Work task =
Please write out all the data that follows exactly, without the pictures.

*** Given information

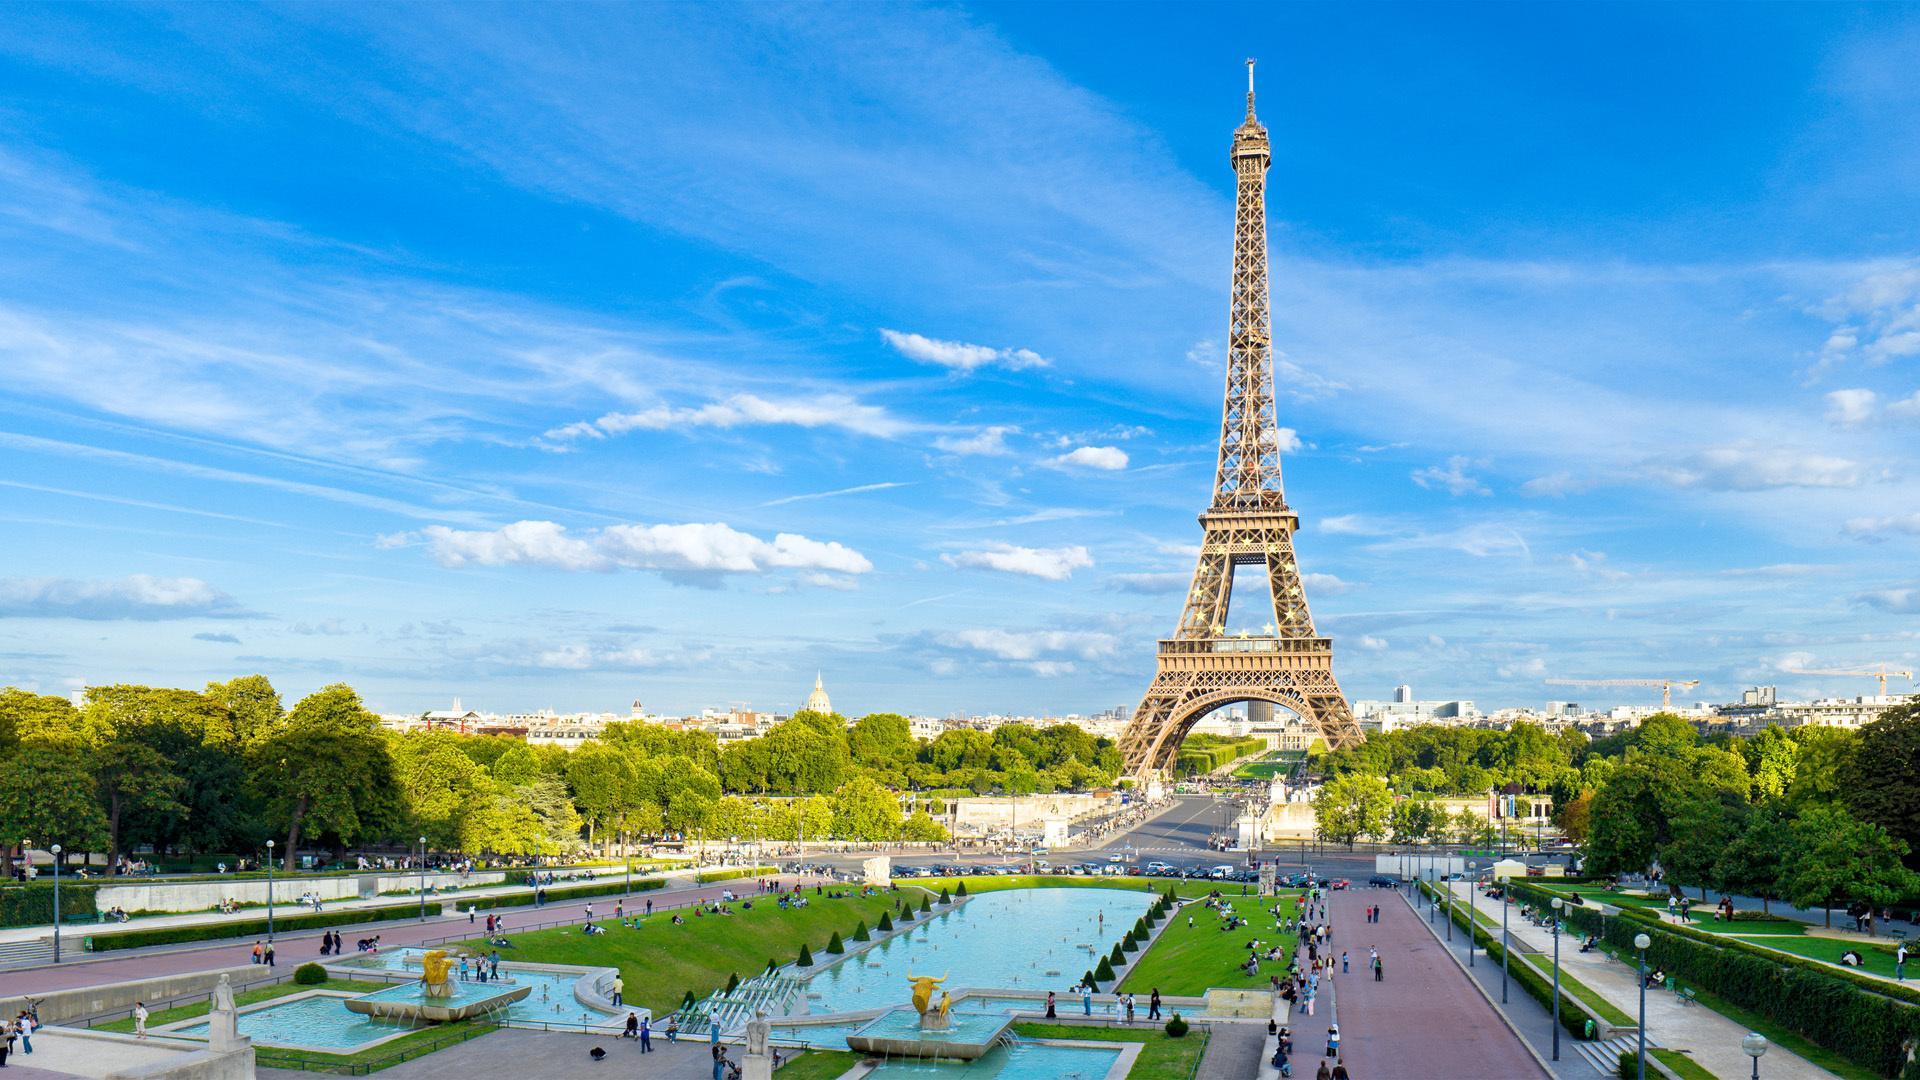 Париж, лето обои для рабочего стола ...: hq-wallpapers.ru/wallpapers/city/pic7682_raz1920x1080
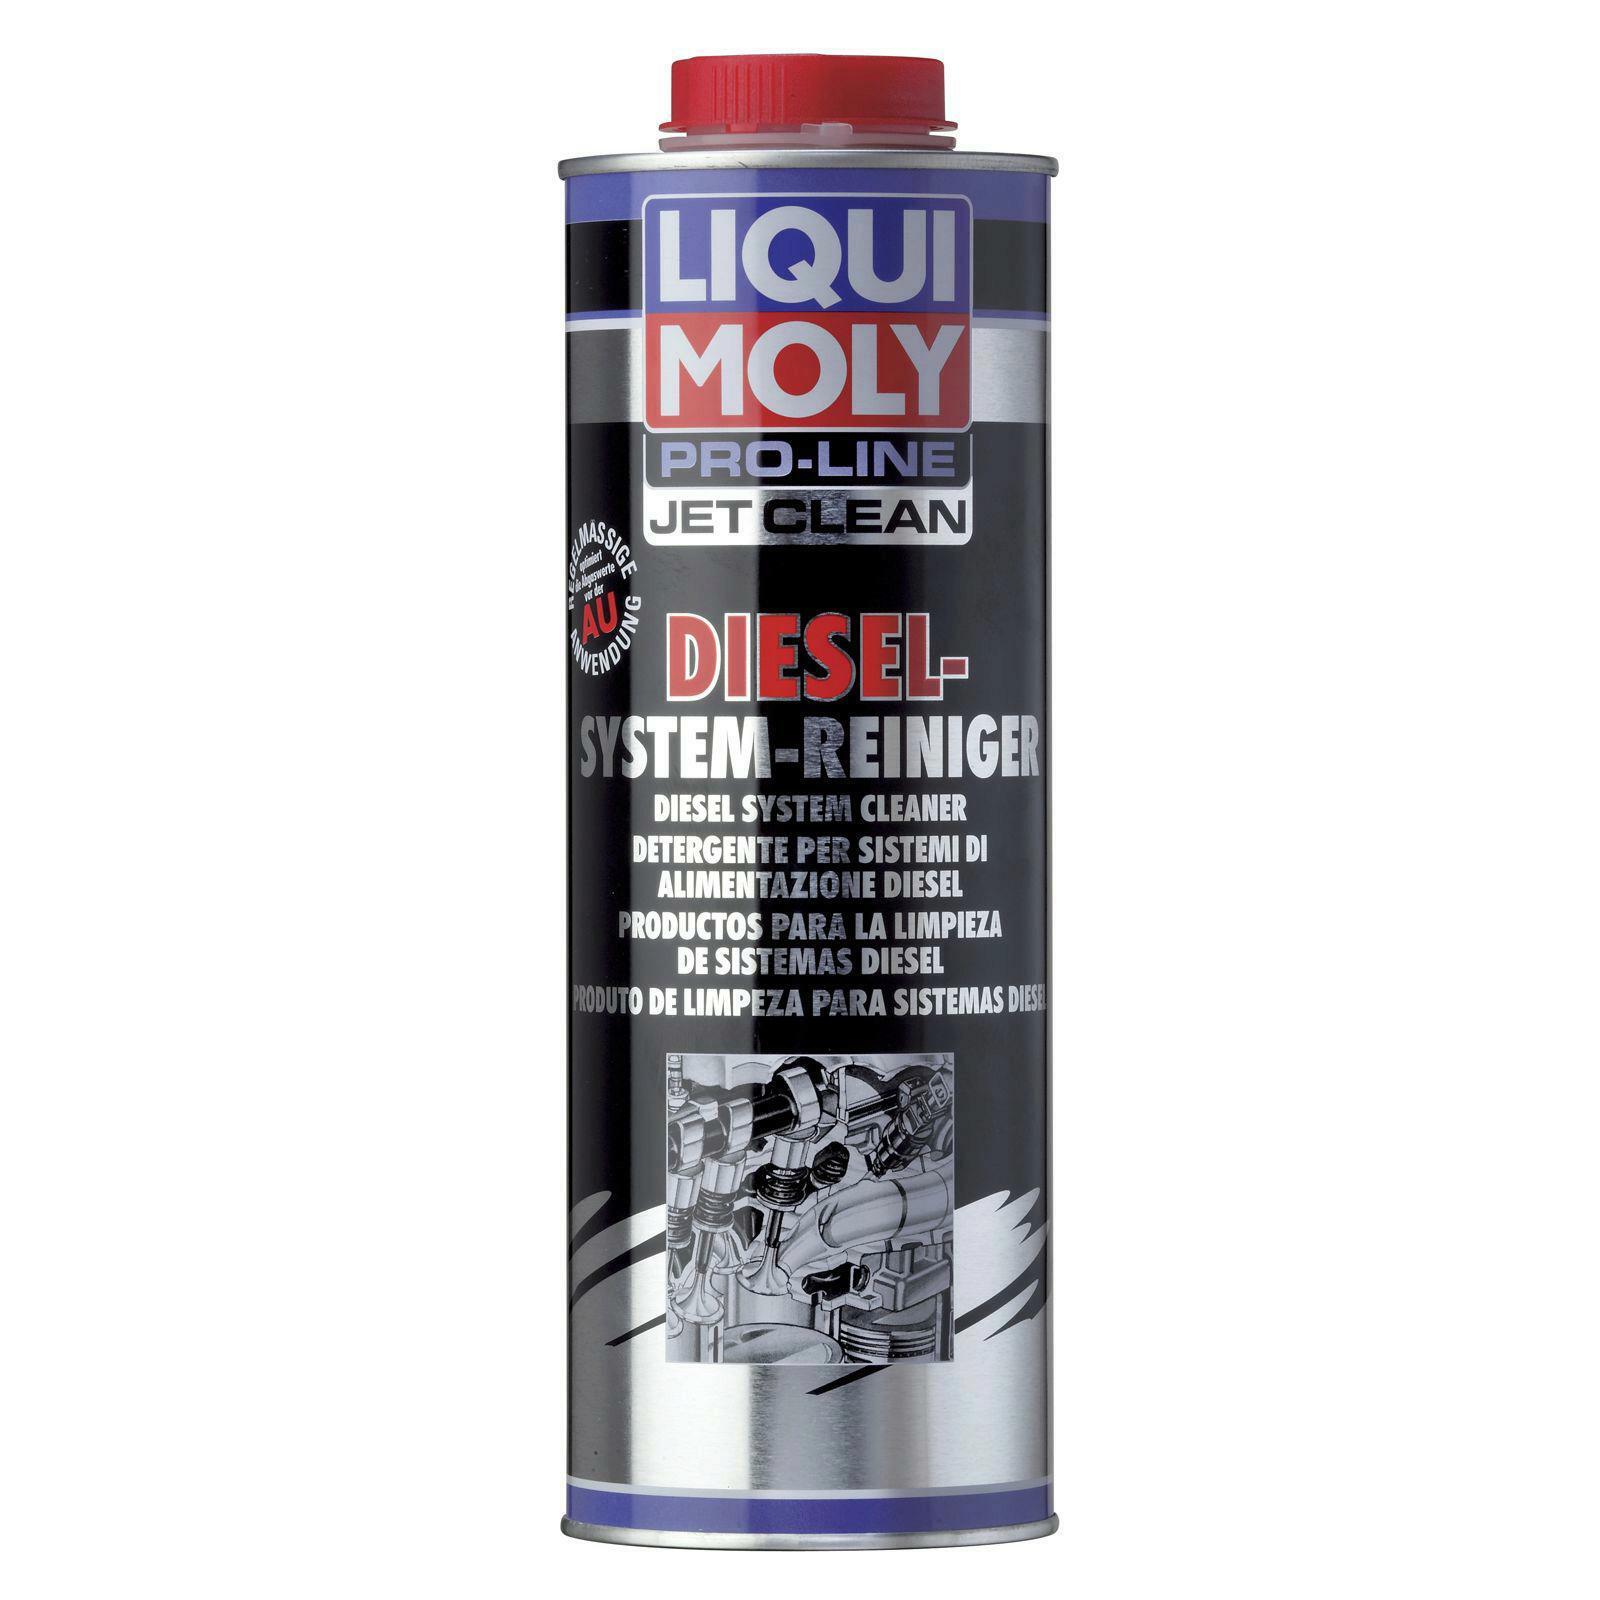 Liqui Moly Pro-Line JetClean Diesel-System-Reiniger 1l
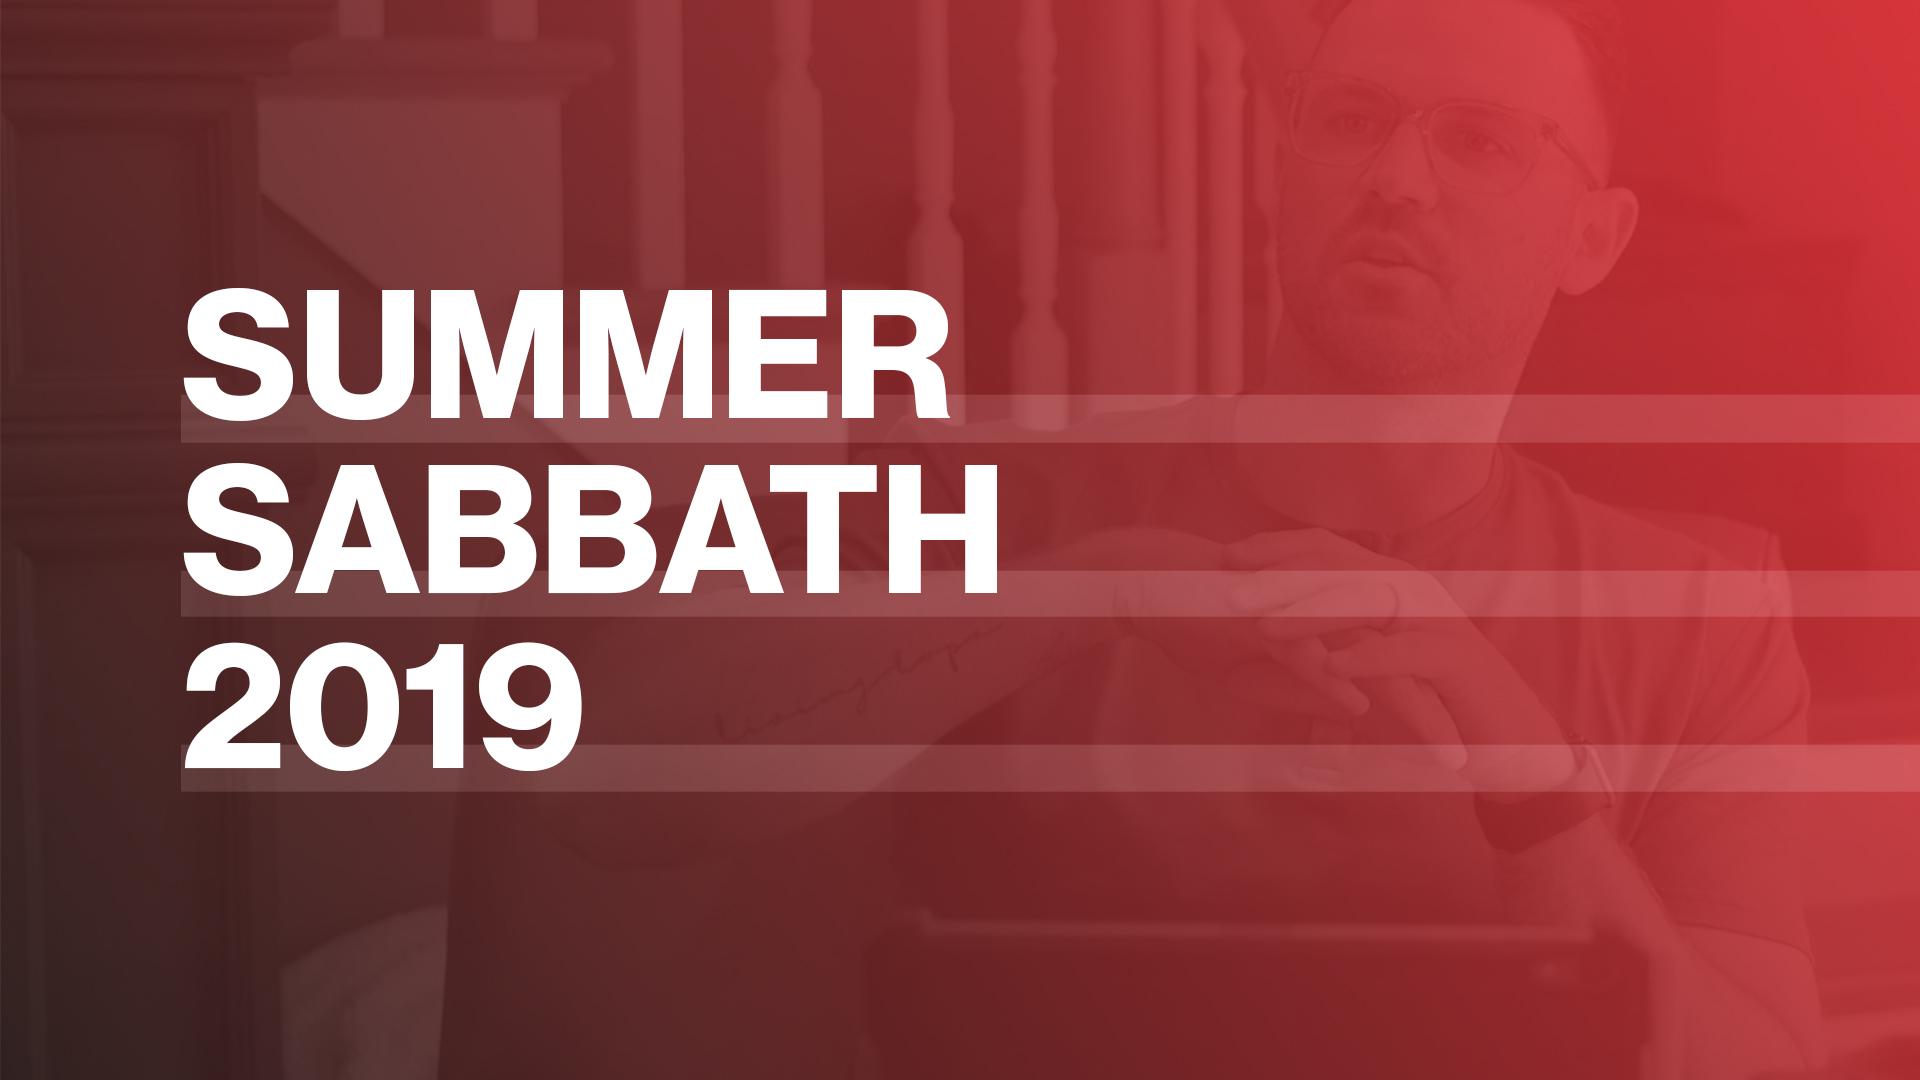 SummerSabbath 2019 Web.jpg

******

Written response =
 Париж, лето обои для рабочего стола ...: hq-wallpapers.ru/wallpapers/city/pic7682_raz1920x1080
 Liqui Moly Pro-Line JetClean Diesel-System-Reiniger 1l
 SummerSabbath 2019 Web.jpg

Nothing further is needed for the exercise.